…repurposing to #clmooc

…once upon a #mooconce more into the breach. Re-purposing is a kind of making, another word for the same activity or nearly so but from another (unnecessarily disconnected) realm, another Information Silo effect. Tracking them and reflecting on the differences would make a good word make…or unmake. So then, would deconstruction be just another unmake/remake?

What’s my plan? Do I have one? I want to feed three blog to feed into the aggregator’s maw but have no plans. Planning gets in the way of navigating chaos, an inherently intuitive process. “Intuitive planning” has the ring of a top 10 on anyone’s oxymoron list. So does “planned intuition.”

I have ideas, two, maybe more. If you count NaNoWriMo as an ur-MOOC (for another post), both involve other MOOCs. They don’t fit into “Make Cycles”  either. Meh. I’m with Rebecca Hogue’s rule of thumb: fit what you do in a MOOC  to your needs, not the course’s design or  syllabus. That expectation, even in the most connecitvist models, is always problematic for me since I am not actively teaching (unless you count blogging to educate my constituencies and community outreach as stealth teaching) and thinking of other purposes. 

I have already blogged about the first one on Computers, Language, Writing: NaNo/clmooc as digital Reese’s peanut butter cup. The second would be “MOOC making,” e.g. folding City MOOC “planning” project into a Make for Making Connected Learning. Other, less elaborate, notions include ATC, working out way to reduplicate apps with basic programs like Paint, collecting makes by other names, etc. 

Delineating the blogs: CWL is, as its name suggests, about computer mediated writing and language learning, a broad topic that fits some moocs better than others, It also relates to my teaching areas. 

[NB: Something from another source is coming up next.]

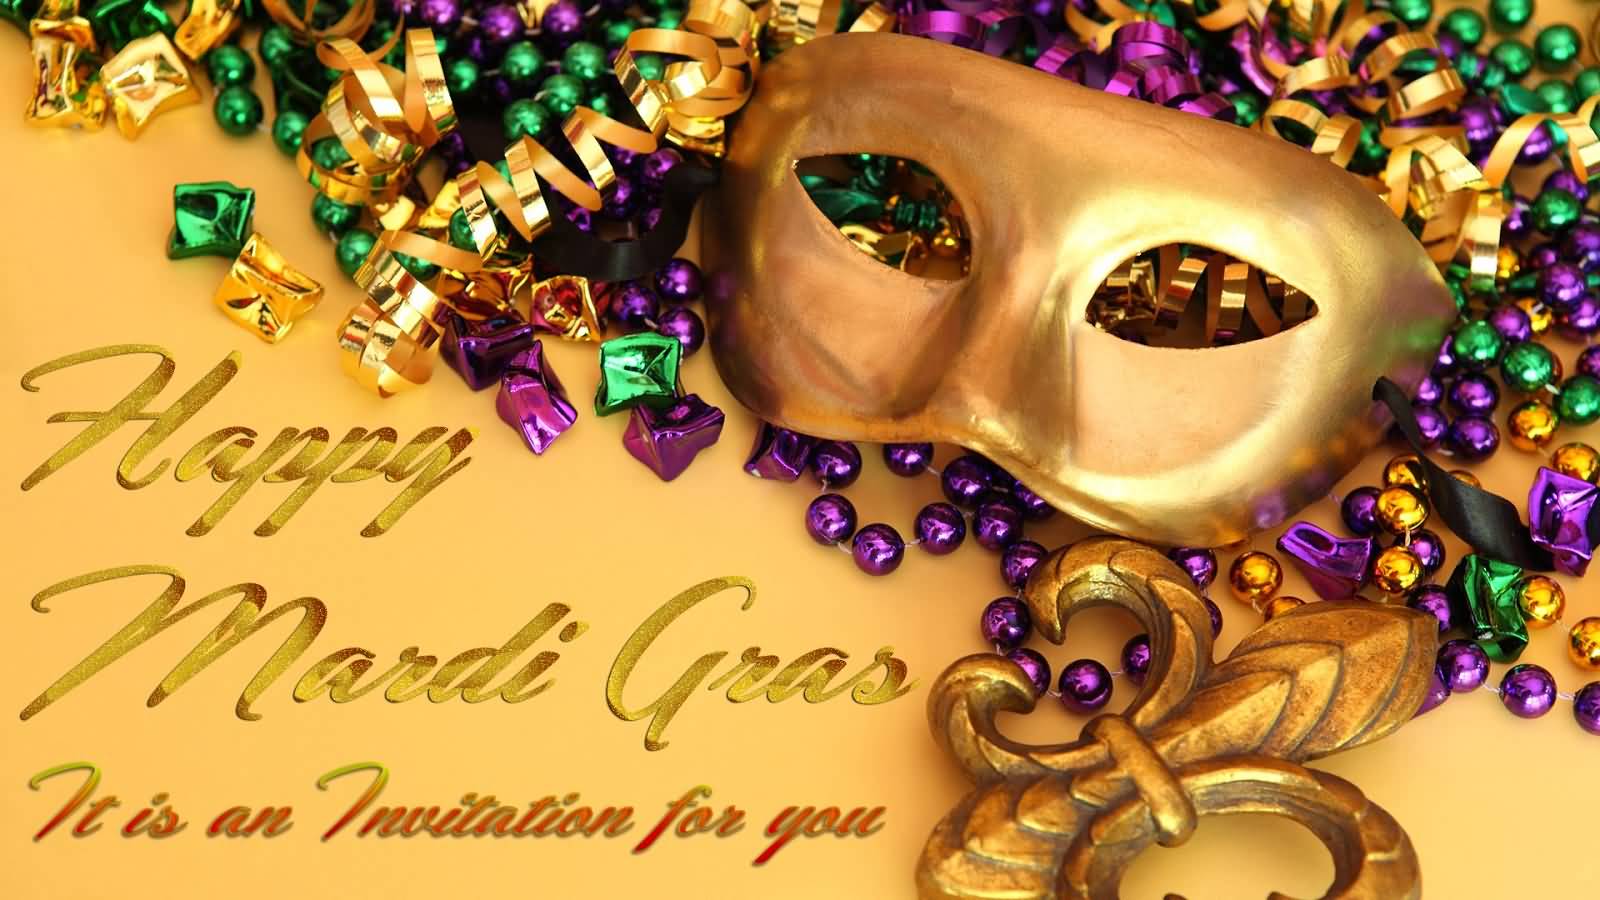 Happy Mardi Gras It Is An Invitation For You Mask

Et tu, mooc? originated as an experiment, a single topic blog just for #etmooc because the etmooc aggregator did not do Tumblr. #clmooc does. Some course takers (followers, participants, drop ins, sporadically active visitors, and so on) start a blog just for a course. Occasionally, that blog survives the course. I’m recycling it to more general, multi-mooc use for those occasions that don’t align well with CWL. I’ll blog about MOOC Making here

Others use an existing blog. WordPress bloggers can designate separate tabs for different categories. WP signposts me into the third MOOC blog, appropriately named MOOC Madness (that I came up with before it entered general usage). I have a deliberately frivolous template ~ balloons floating on a purple background ~ and use it mostly to reblog different kinds of “about MOOC” articles and posts, with occasional breaks to reflect on them.